- Lester in 1938
- Born: Dorothy Gertrude Day April 7, 1915 New York City, U.S.
- Died: May 7, 2001 (aged 86) Beverly Hills, California, U.S.
- Occupation: Actress
- Years active: 1937–1942
- Spouses: ; Steven Stanford ​ ​(m. 1945; div. 1946)​ ; Jack Bernhard ​ ​(m. 1947; died 1997)​

= Vicki Lester =

American actress (1915–2001)

Vicki Lester (born Dorothy Gertrude Day; April 7, 1915 - May 7, 2001) was an American actress. She is best known for appearing in Sky Giant (1938), The Mad Miss Manton (1938) and The Lone Rider and the Bandit (1942).

==Biography==
Born Dorothy Day, Lester took her stage name from Janet Gaynor's character in A Star Is Born (1937). The name change was suggested by Mervyn LeRoy and approved by David Selznick. Alas, she never made the grade as a 'star' in her own right.

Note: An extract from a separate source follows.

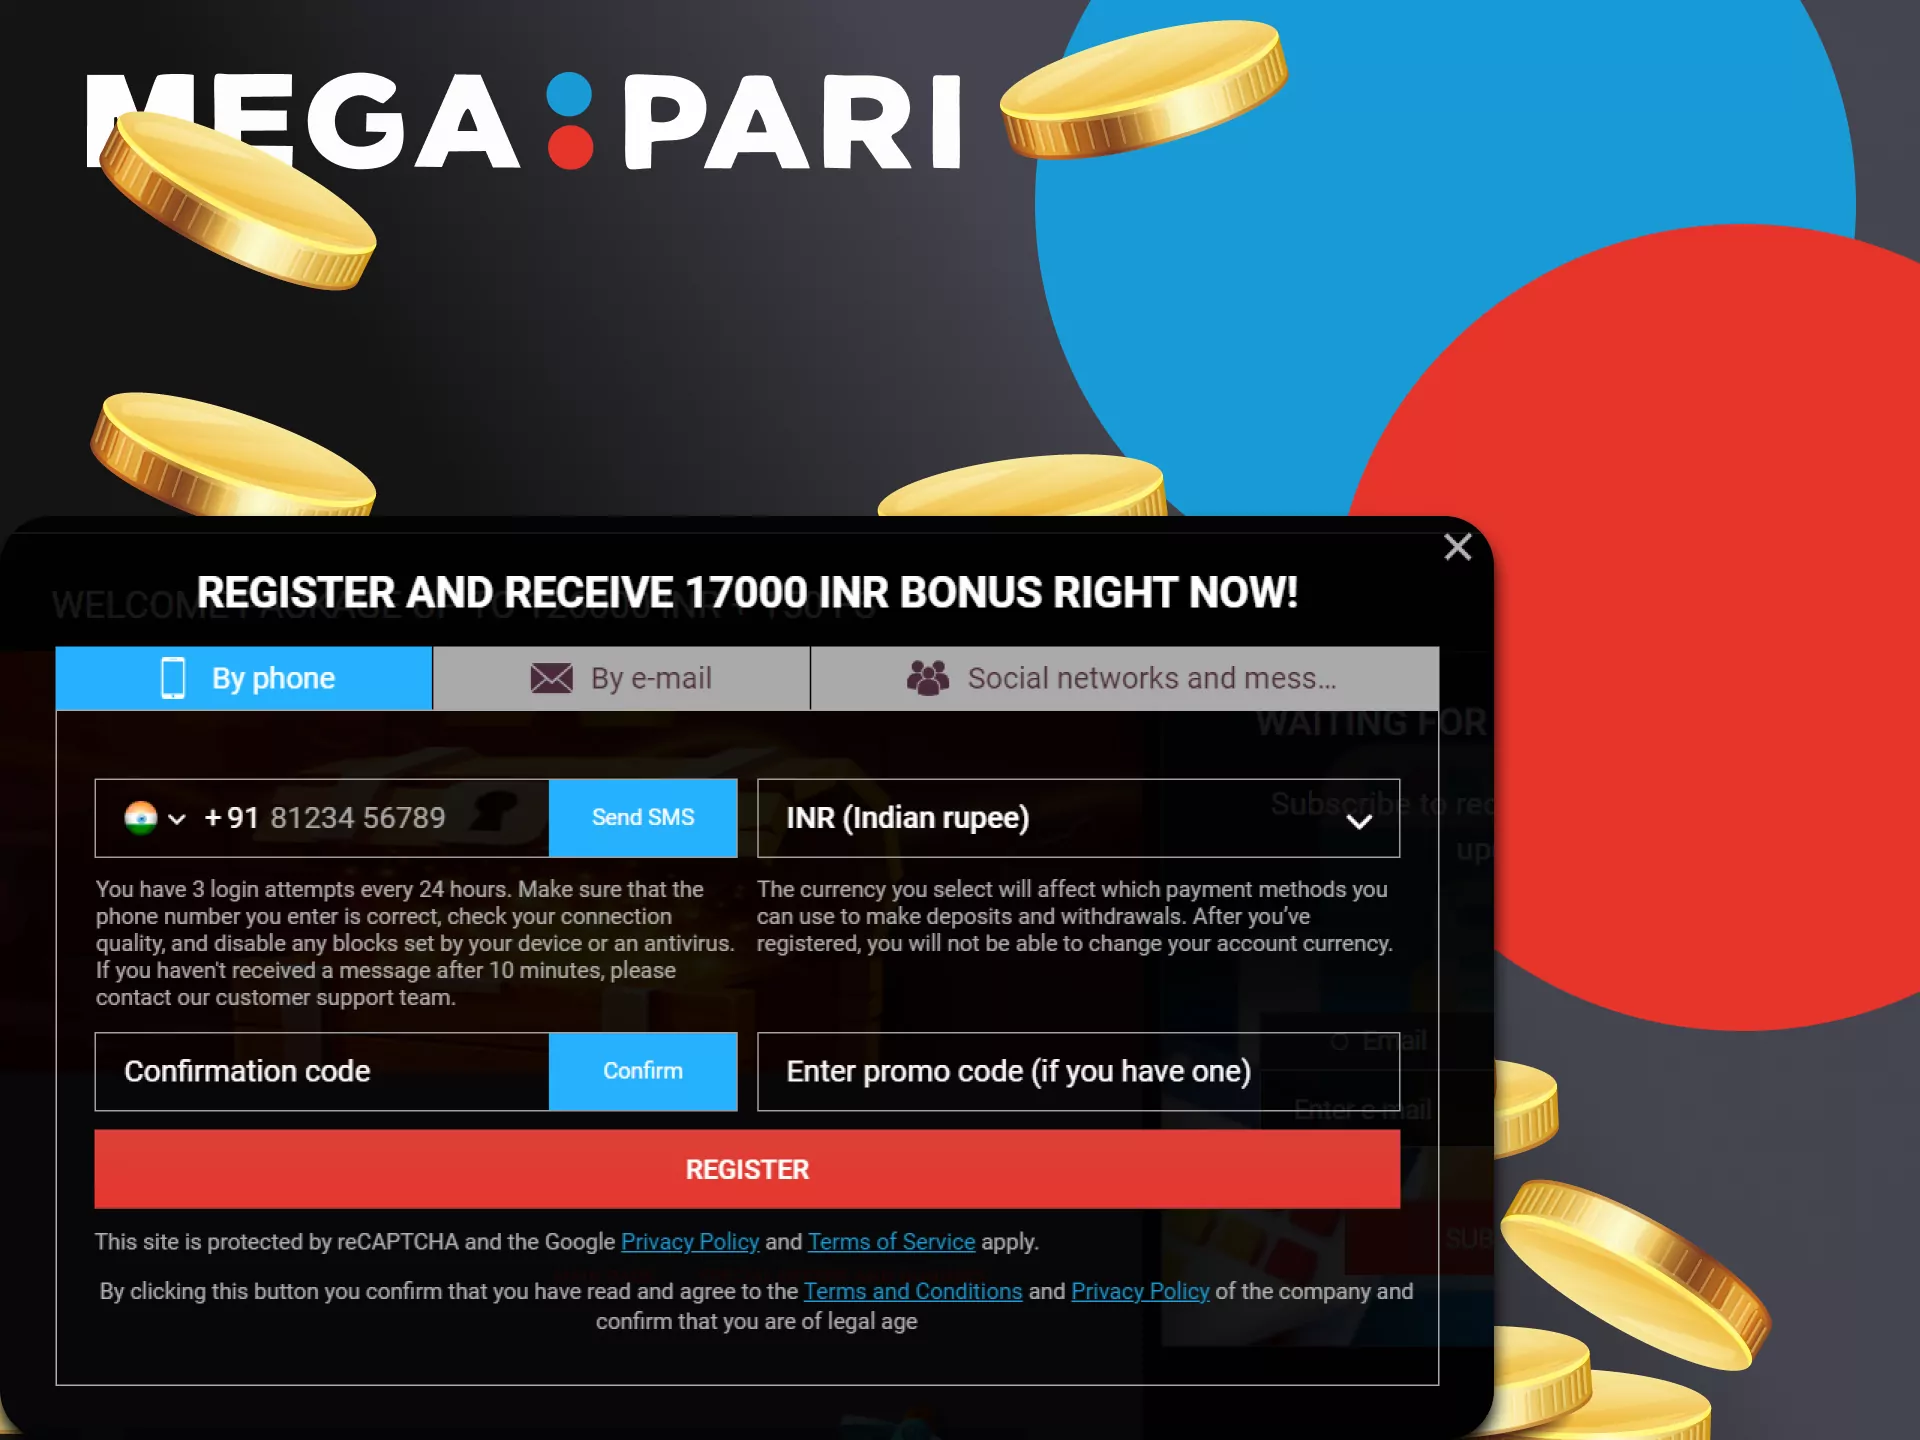 Create a Megapari account and make a minimum deposit to receive bonuses.
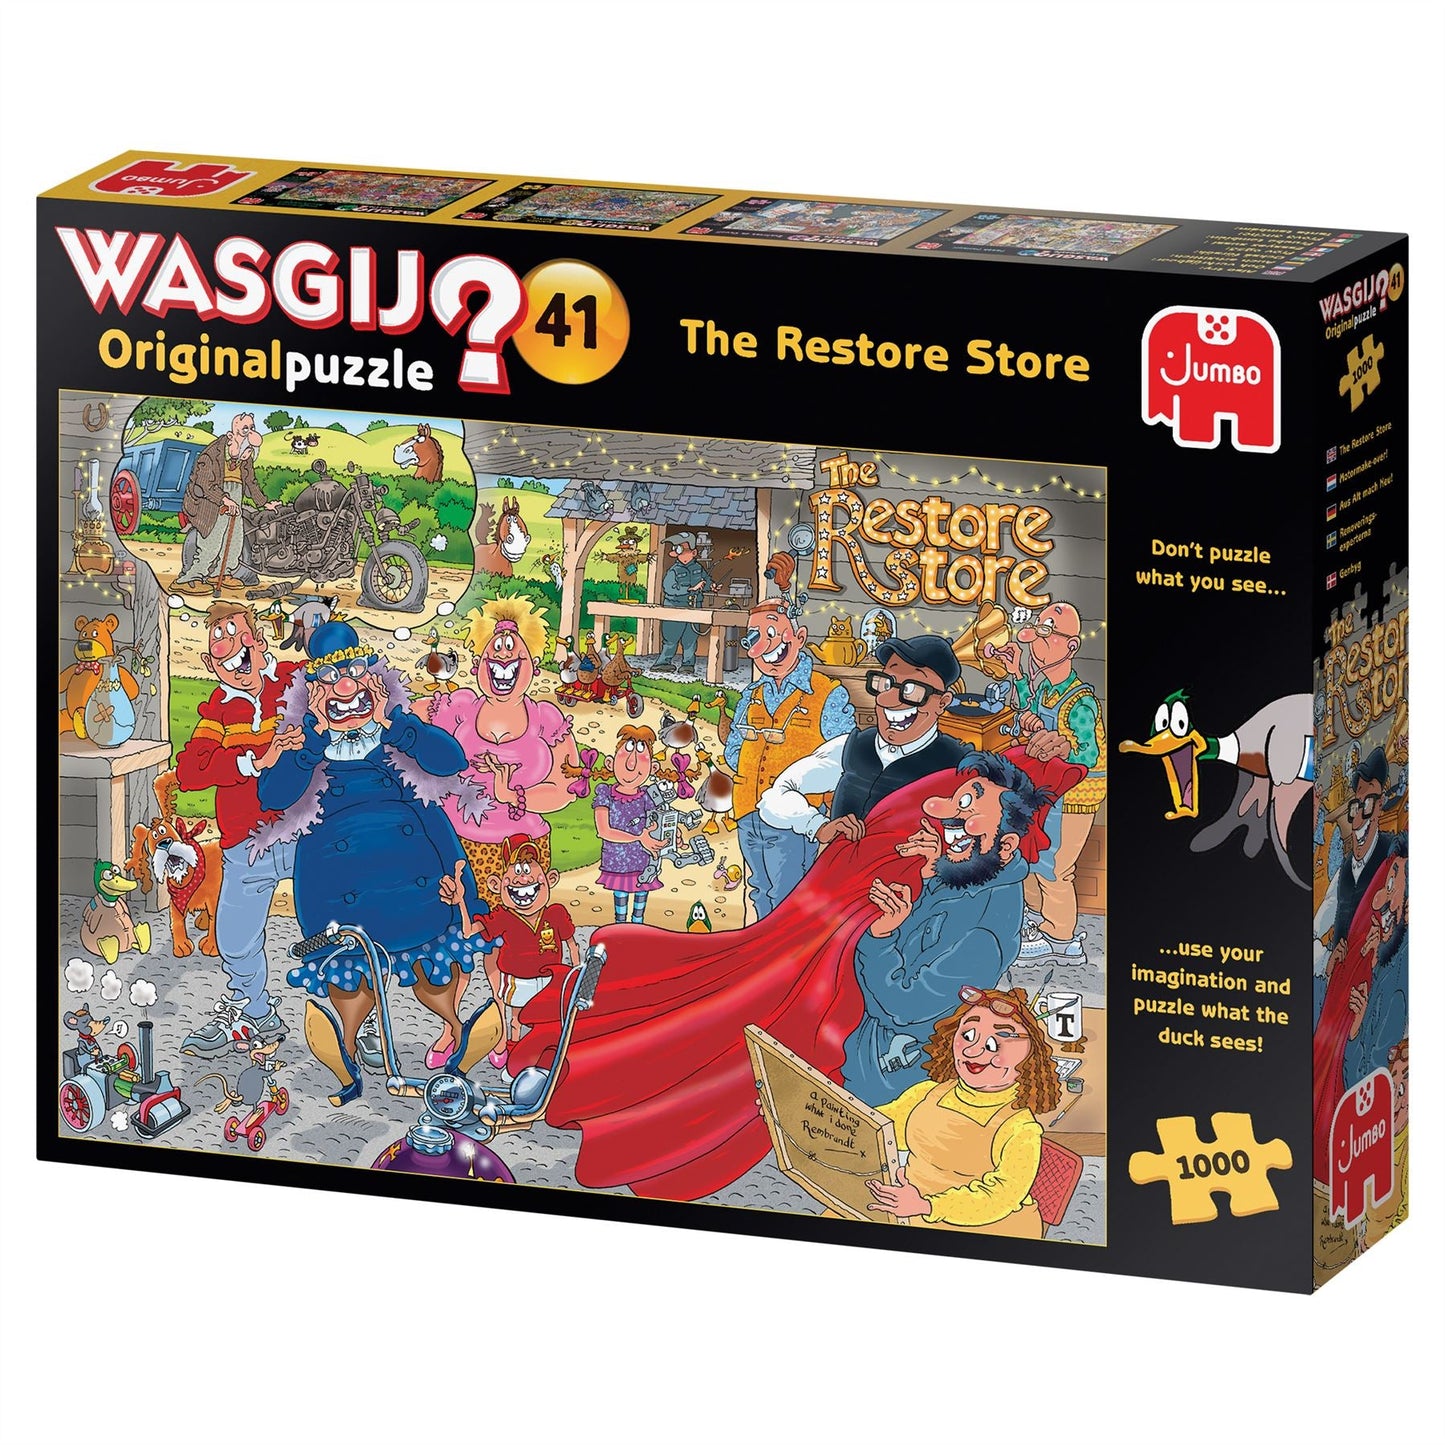 Wasgij Original 41 The Restore Store! 1000 Piece Jigsaw Puzzle box 2

Lester attended schools in Manhattan and originally planned to design clothes for a career. She was a student of music and art, and she gained notability as a pianist. She became a model for artists and photographers, leading to her being named one of the "Twelve Most Photographed Girls in America". She was "seen in hundreds of advertisements and on scores of magazine covers".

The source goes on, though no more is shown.